2007 日経BP社
1953年生まれ
日本のソフトウエア産業はなぜだめなのか
日本のソフトウエア産業は、初期から政府の手厚い保護と指導のもとに置かれてきた。
1960年代には、通産省はIBMの参入を遅らせ、電気メーカーを糾合して、IBM互換機を作らせた。
その後も、第5世代コンピューター、シグマ計画など、官民プロジェクトに多額の補助金を投入したが、すべて「失敗」した。
そのいっぽう、日本の社会の本流からはずれたところで三度の飯よりゲームが好きだという人たちがつくったゲームソフトは成功した。
ソフトウエアも、役所が保護した分野は失敗し、役所も大手メーカーも無視した分野が成功した。任天堂やソニーのゲーム部門は、80年代以降にできたので、重厚長大産業のようなピラミッド型組織ではなく、小さな若いソフトハウスの連携によって多様なゲームソフトが開発された。
大事なことは、日本人の持っている創造性を下請け・孫請け型の「ITゼネコン」構造に埋没させないで、自由に発揮させることである。技術者のモチベーションを引き出し、彼らのアイデアをビジネス化して、多様な実験を可能にすることである。そのためには、役所やITゼネコンが退場することが必要である。
明治以来、日本は行政に権限と情報を集中し、民間の資源を総動員して「富国強兵」をめざす国家体制をとってきた。

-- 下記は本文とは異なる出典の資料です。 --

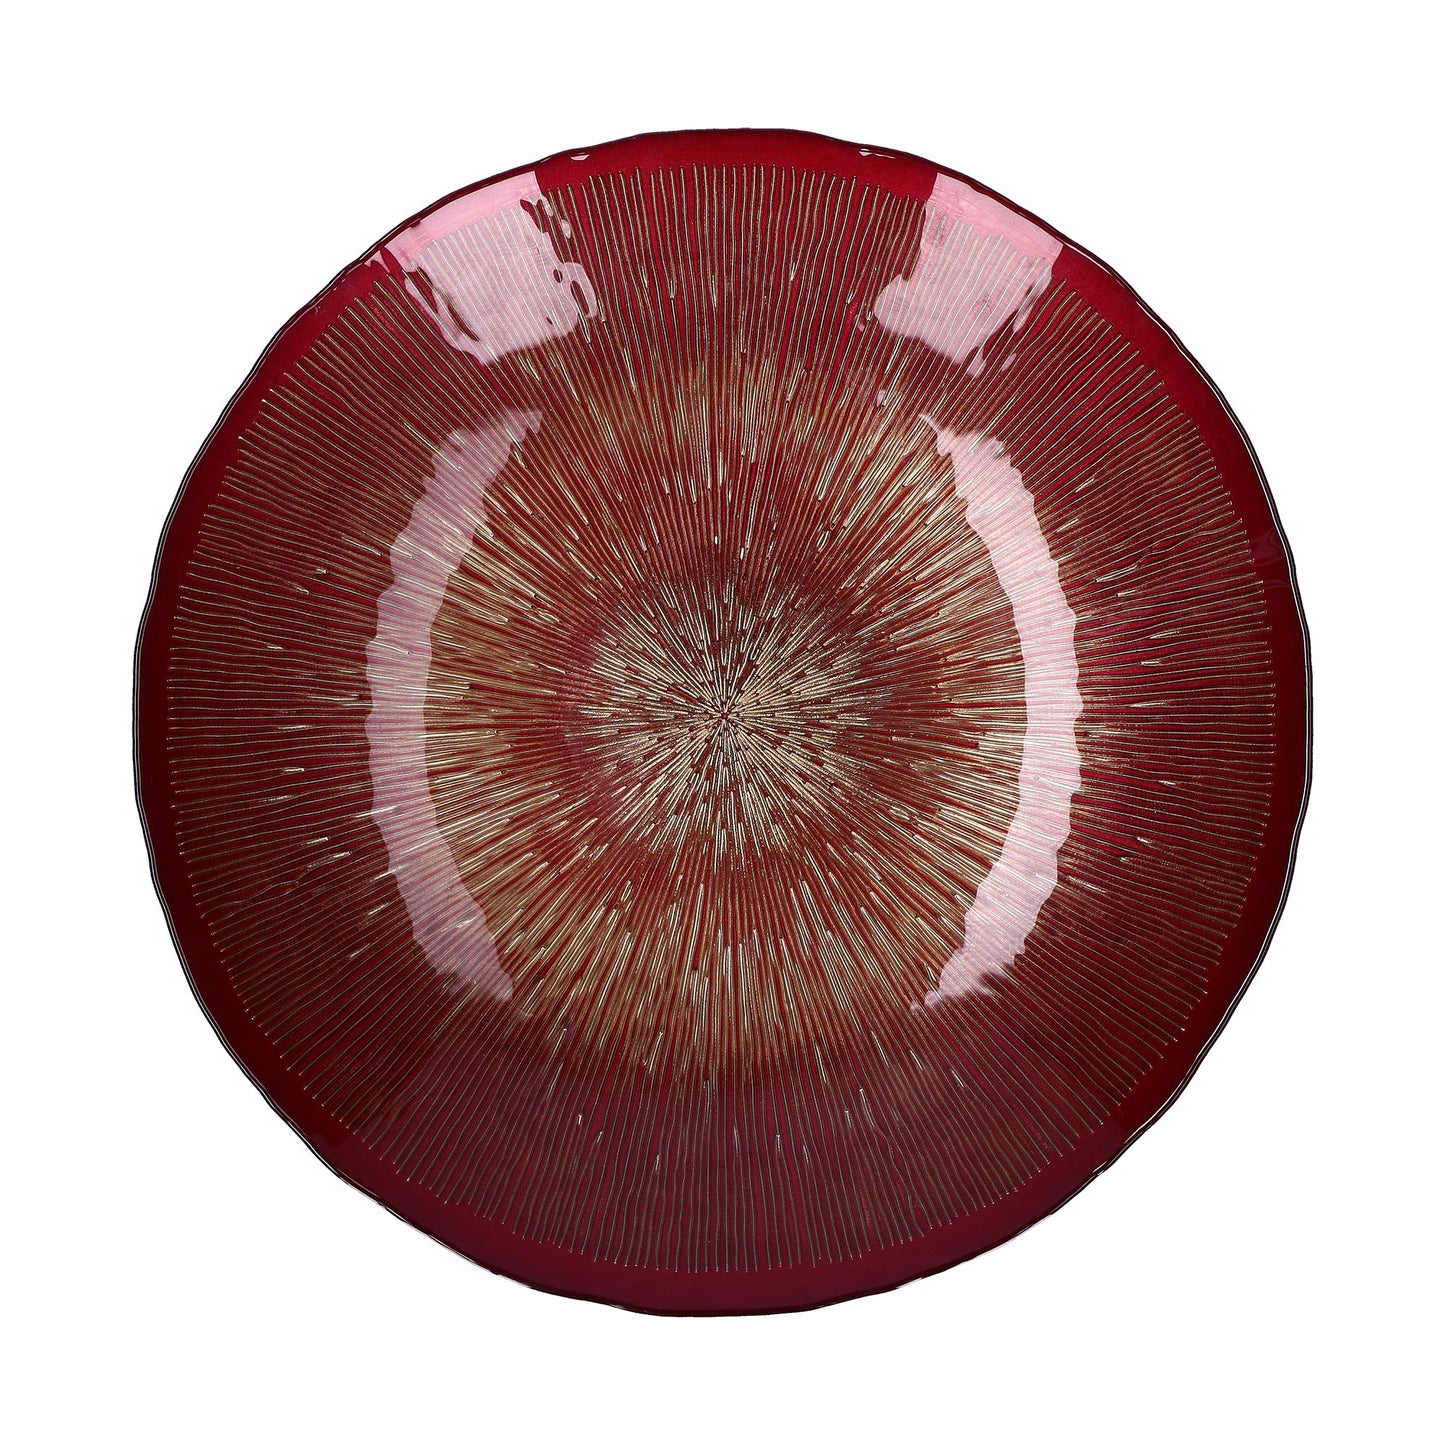 Centrotavola in vetro di colore rosso e oro. Dimensioni: Ø 40 cm. In negozio e online su tuttochic.it

こうした集権的な統治機構は、追いつき型近代化の局面では一定の効果を上げたが、民間企業だけで問題を解決することを妨げてきた。
霞ヶ関には、いまだに富国強兵の遺伝子が強く残っている。このような「国のかたち」を見直し、資本市場や司法改革によって、問題を民間で分権的に解決する制度設計を行なうことが日本の課題である。経済産業省が音頭をとって「産業政策」を推進するのはやめたらどうかというのが、著者の意見である。しかし、著者も言っているように、役所の力が弱くなるような改革を官僚自身が行うことは困難であろう。
(注)ITゼネコン
公的なコンピューター・システムの受注額の4分の3は、わずか6社で占められ、こうした企業は、建設業のゼネコンとくらべて、「ITゼネコン」と呼ばれている。